Das Abstoßen der unbewohnten Schleimhaut führt nun zu den Schmerzen.

•    Die Gebärmuttermuskulatur verkrampft sich und schiebt damit all das jetzt Überflüssige aus sich heraus.
•    Dabei kann auch der Darm in Mitleidenschaft gezogen werden. Manche Frauen spüren die Beschwerden hier sogar zuerst.
•    Auch Übelkeit, Kopf– und Rückenschmerzen sind einigen unter Ihnen sicherlich bekannt.

Es kann sein, dass diese Schmerzen von der ersten Regelblutung an auftreten. Dann gehören sie für Sie dazu und bleiben Ihnen vermutlich auch bis zu den Wechseljahren erhalten. Dahinter stecken aber keine besonderen Erkrankungen. Immerhin.

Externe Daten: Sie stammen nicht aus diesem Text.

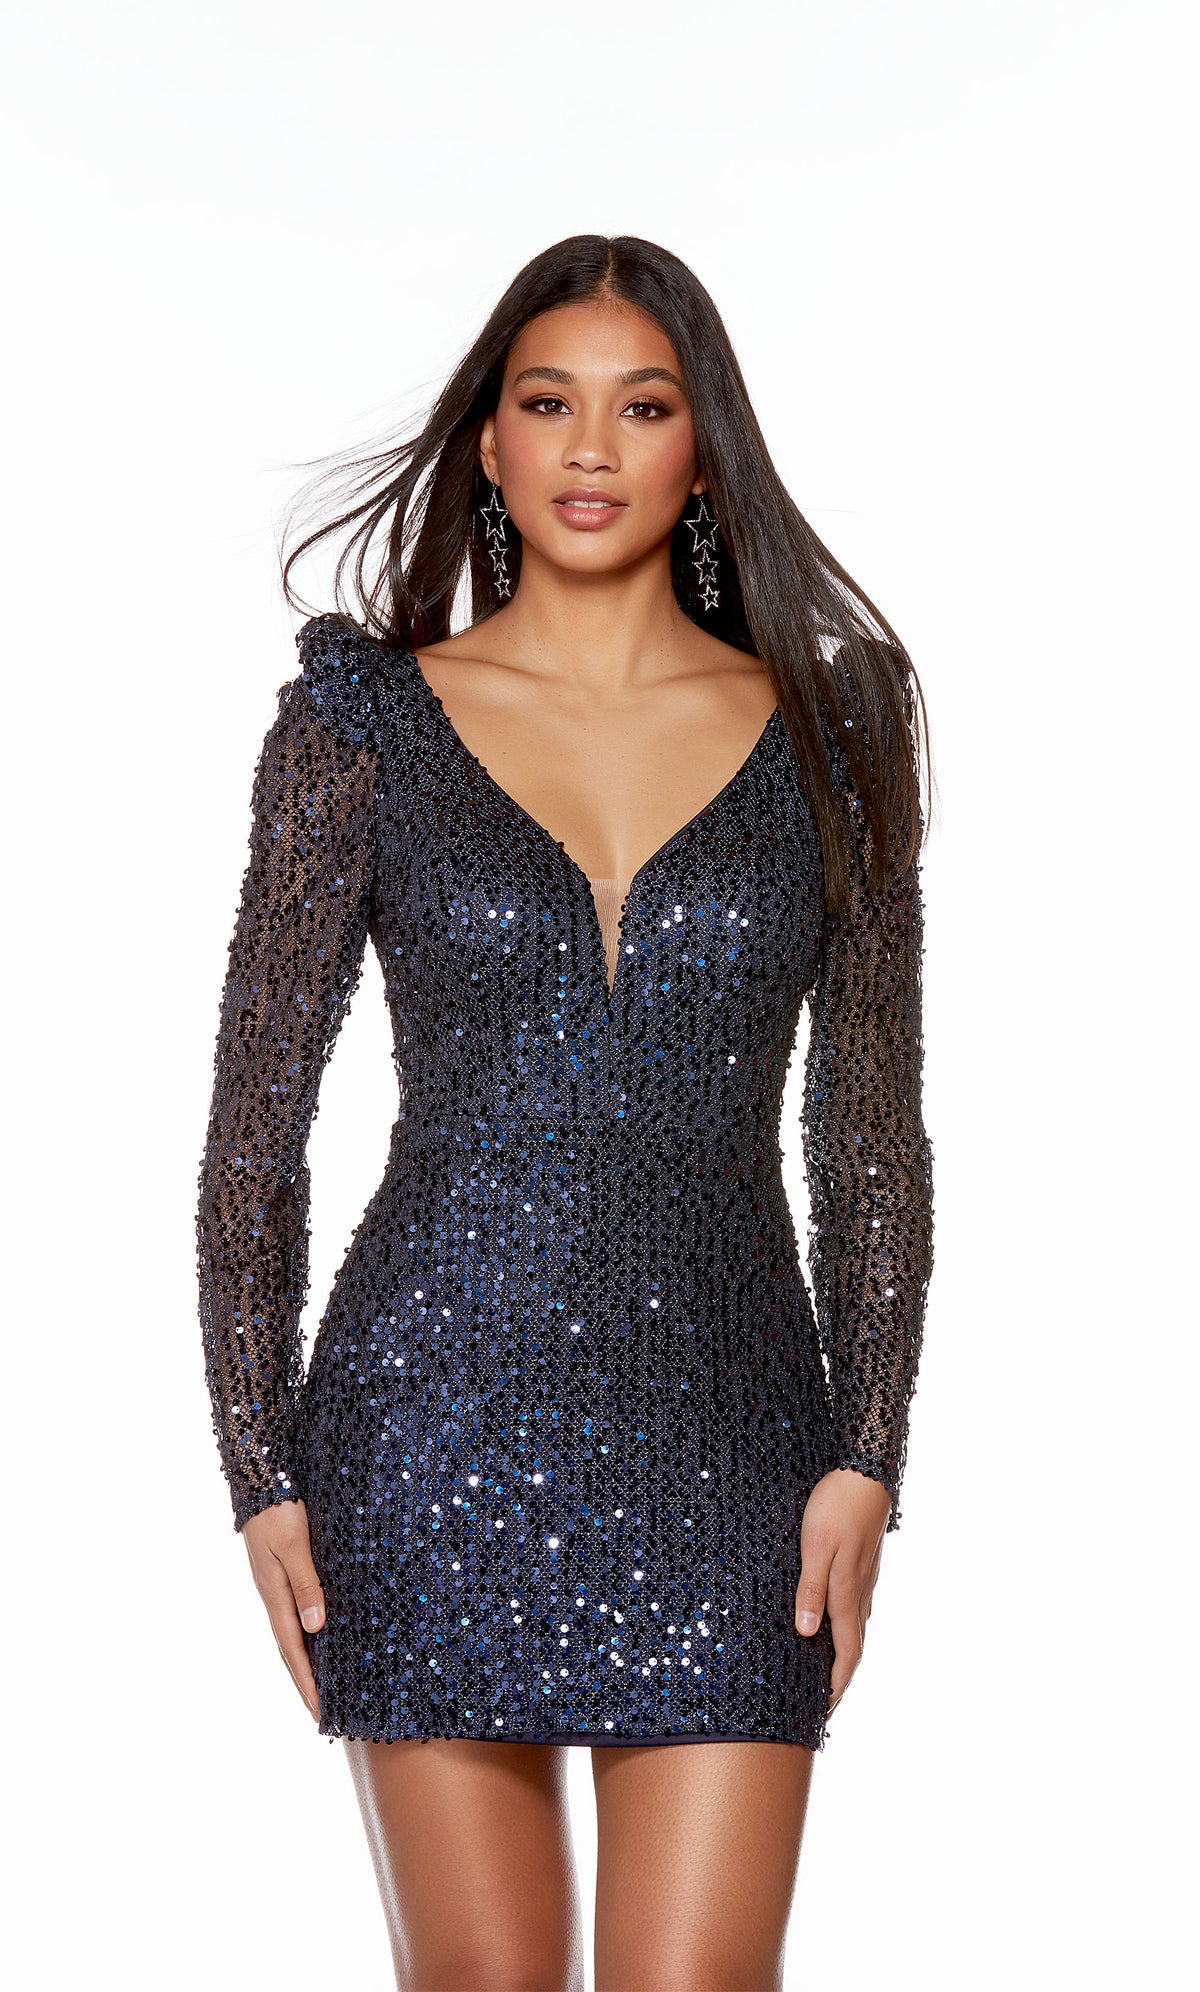 A short, midnight blue colored long-sleeve homecoming dress with a plunging neckline and a V-shaped open back in a sparkly micro sequin fabric, designed with a sleek, fitted silhouette.
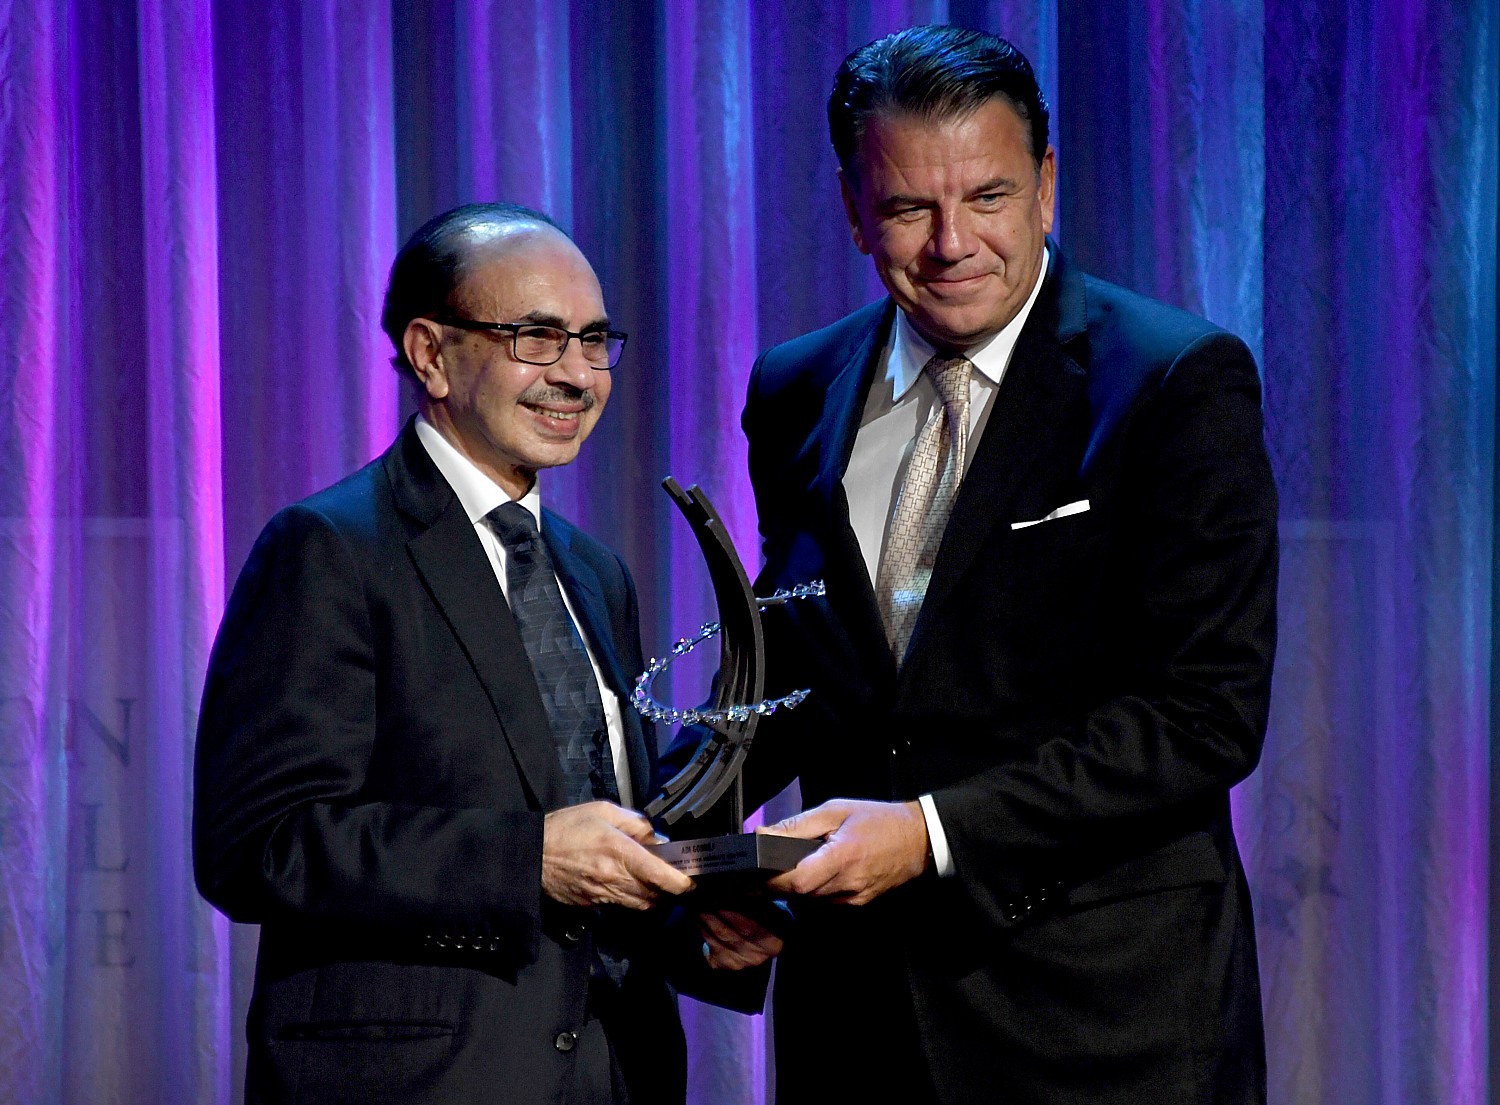 Adi Godrej, chairman of Godrej Group is his presented with the Global Citizen Award for Leadership in the Private Sector from Hikmet Ersek President & CEO of The Western Union Company © 2016 Karen Rubin/news-photos-features.com

Regelschmerzen als Zeichen für eine Erkrankung

Anders kann das sein, wenn die Probleme erst später auftreten. Dann sollten Sie auf jeden Fall mit Ihrem Arzt oder Ihrer Ärztin darüber sprechen. Bei vielen Frauen bilden sich im Laufe der Zeit Myome. Das sind gutartige Geschwulste an der Gebärmutterwand. Die tun nichts, bis sie irgendwann zu groß sind. Dann können sie zu Unannehmlichkeiten beim Sex und eben auch während der Regel führen. Dasselbe gilt für Polypen, die sich ebenfalls entwickeln können. Frauen, die schwanger werden wollen, sollten sich in diesem Fall mit ihrem Arzt oder ihrer Ärztin beraten.

Krebstumore am Gebärmutterhals oder an den Eierstöcken sind hingegen unbedingt behandlungsbedürftig. Leider werden sie manchmal erst erkannt, wenn sie eben diese Beschwerden verursachen. Eine in diesem Zusammenhang häufig auftretende Erkrankung ist die Endometriose. Hierbei befindet sich die Gebärmutterschleimhaut im Bauchraum und verursacht die zyklischen Beschwerden. Und dann haben wir noch Scheideninfektionen mit chronischen Eileiterentzündungen. Also, wenn die Schmerzen plötzlich auftreten, ab in die Arztpraxis!

Was hilft gegen die Beschwerden?

•    Schmerzmittel. Krampflösende am besten. Diese nehmen Sie ja nicht dauerhaft, sondern nur an vielleicht ein oder zwei Tagen im Monat. Lassen Sie sich in der Praxis oder in der Apotheke beraten, welches Präparat sinnvoll ist.
•    Eine dauerhafte Lösung bieten Hormonpräparate wie die Pille.
•    Manche Frauen klagen über Probleme in Verbindung mit der Spirale. In dem Fall wäre es eine Überlegung, auf ein besser verträgliches Produkt zu wechseln. Mittlerweile gibt es Minispiralen oder die Kupferkette.

Aber es geht auch ohne Medizin:

•    Eine Wärmflasche entspannt und vermittelt gleichzeitig ein wohliges warmes Gefühl.
•    Vielleicht hilft Ihnen eher etwas Ruhiges wie Yoga oder ein ausgedehnter Spaziergang. Bewegung wird Ihnen gut tun und gleichzeitig Ihr Gemüt aufheitern.
•    Akupunktur und Akupressur werden ebenfalls empfohlen. Letzteres können Sie selber machen, indem Sie eine Hand unterhalb des Bauchnabels legt und Druck ausübt. Das lockert die Muskeln.

Und so richtig gut hilft ein Orgasmus! Der entspannt sowohl die Beckenbodenmuskulatur als auch Ihre Psyche, ob allein oder zu zweit. Und Sie können es ja auch langsam angehen lassen. Lust ist also ein probates Gegenmittel bei Regelschmerzen.